When organizational leaders unapologetically combine firmness with vulnerability and conviction with candor, they build trust from within. And that trust is what allows hope to endure, even in the face of painful or divisive issues.

Build authentic community

Perhaps the most powerful finding of the Hope Study was also the simplest: What sustains Jewish professionals most is community, a deep sense of Clal Yisrael, of Jewish peoplehood. “Community” was named nearly twice as often as any other value associated with hope. For professionals who spend their days carrying the burdens of others, the presence of true community is what allows them to continue their work with resilience and meaning.

To improve morale and deepen the bonds of community, Jewish organizations should focus on three key drivers of hope our study uncovered.

• First, professionals need to see that their contributions matter. Eighty-five percent of professionals identified “the impact of my work on others” as their most important source of hope. So, when organizations make staff impact visible – through feedback loops, storytelling, or simply naming successes – they help individuals recognize that they matter, and demonstrate how their work strengthens the whole. This validation can help restore the sense of purpose that professionals need to sustain them in times of crisis.

• Second, morale is renewed when staff witness acts of courage and kindness. Eighty percent of respondents said that observing courage and kindness in their communities was very important for sustaining their hope. These moments, whether small gestures of compassion among colleagues or bold acts of public solidarity, remind professionals that their work connects to the very essence of what it means to be a human.

• Finally, reinforcing a broad sense of belonging to the Jewish people provides a lasting foundation of hope.
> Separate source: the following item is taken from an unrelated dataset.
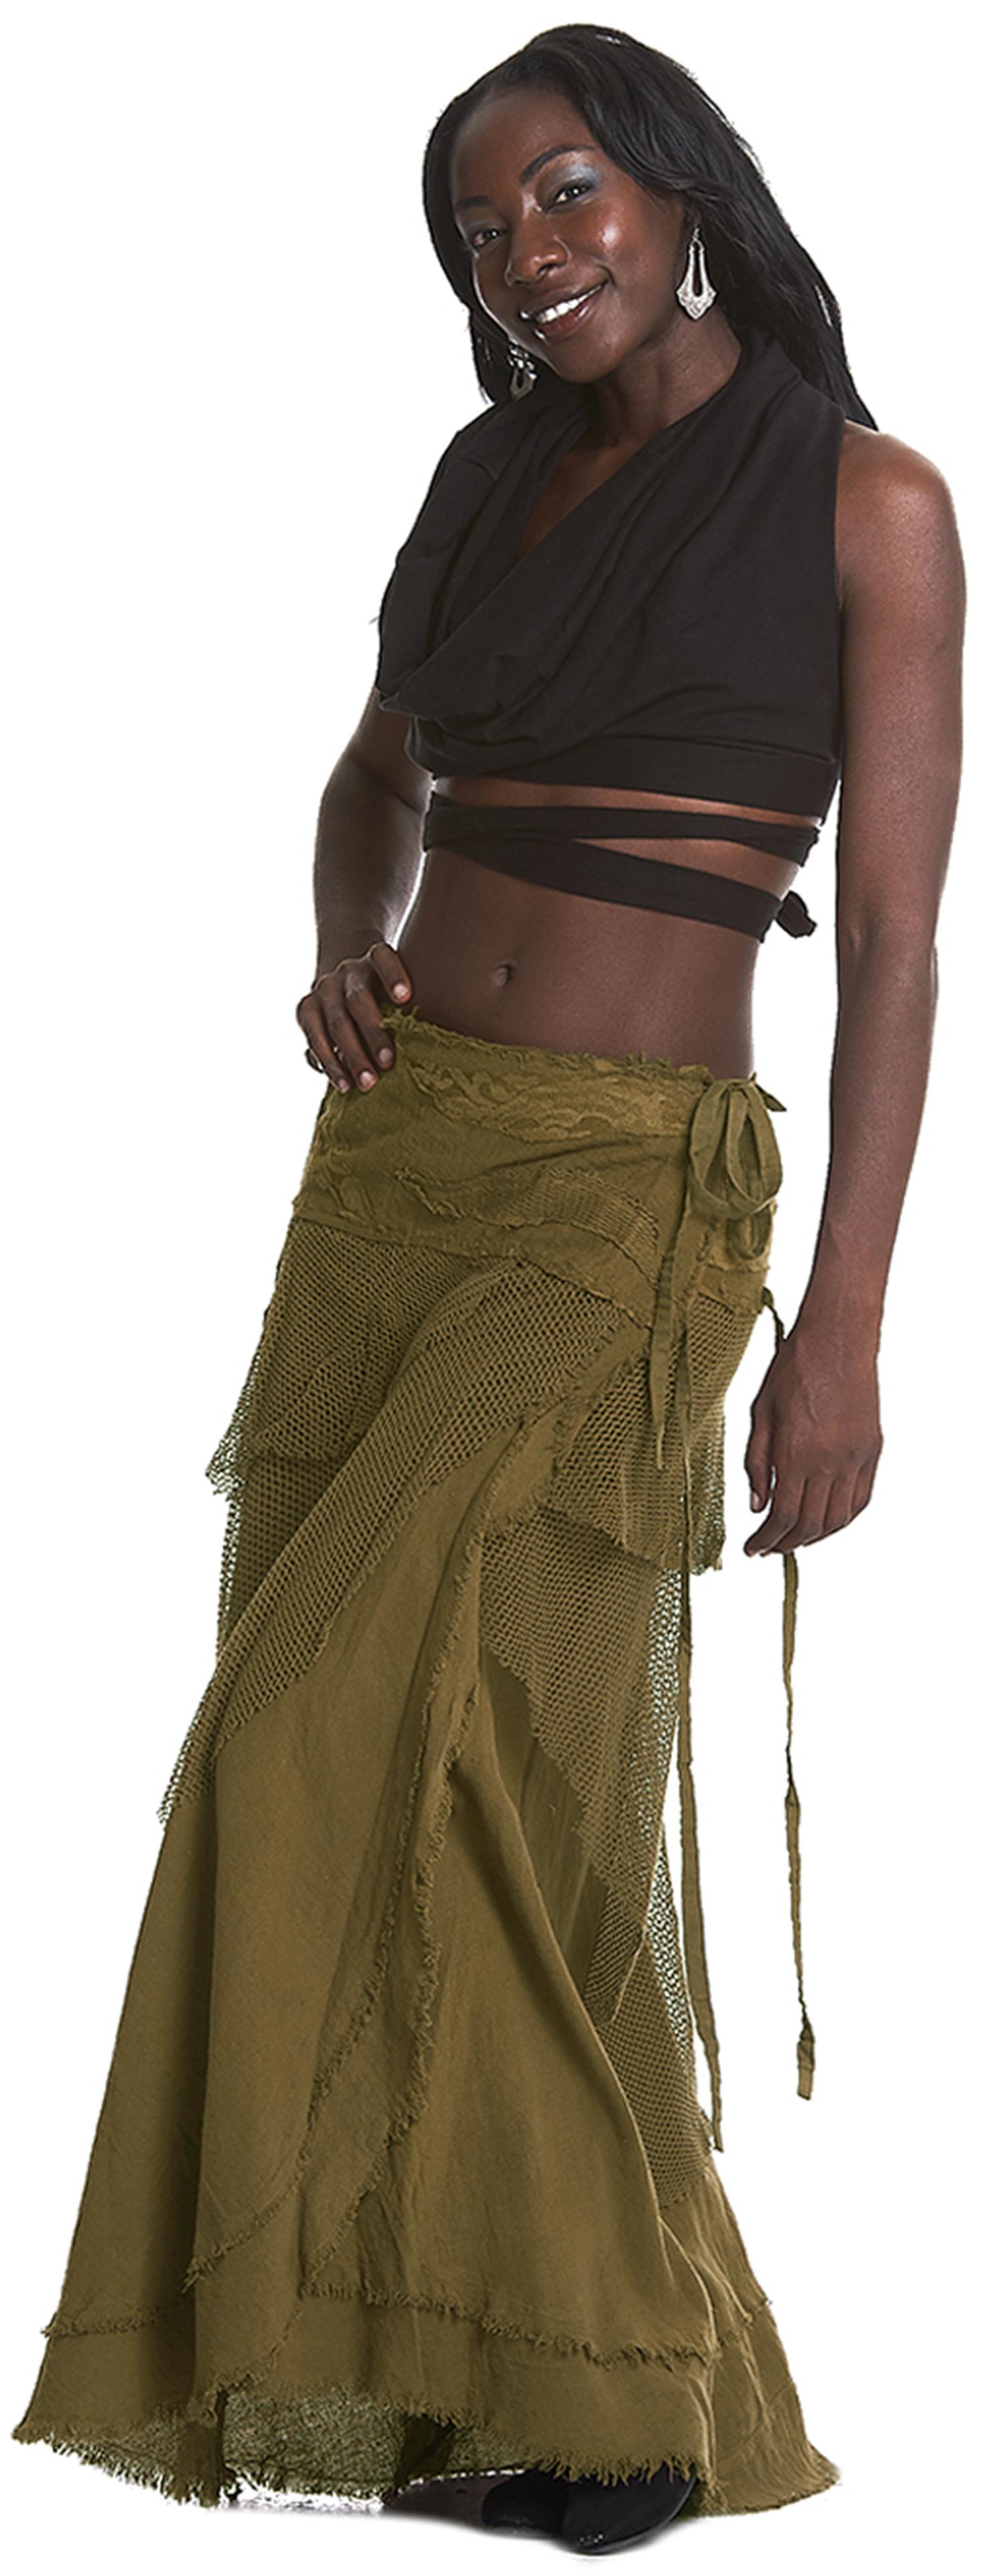 wrap around mermeid skirt

When organizations strengthen that sense of belonging – through shared rituals, collective narratives, or simply reminding staff that they are part of something larger than themselves – they help professionals draw resilience from the broader Jewish story. That connection grounds their daily work in meaning that extends far beyond any single role or institution.

Invest in the people who carry us forward

By cultivating these conditions, Jewish organizations can ensure that both leaders and staff move through and emerge from crises not just intact, but stronger. Hope, after all, is what makes the work of Jewish education and community leadership possible. 

When organizations invest in the people who carry that hope – by supporting their resilience, celebrating their impact, and anchoring them in community – they are also investing in the strength and future of the Jewish people. As Pirkei Avot teaches, “The world stands on three things: on Torah, on service, and on acts of lovingkindness.” It is based on these pillars – and through those who embody them – that our communities endure and flourish.

The writer is founder and CEO of M²: The Institute for Experiential Jewish Education.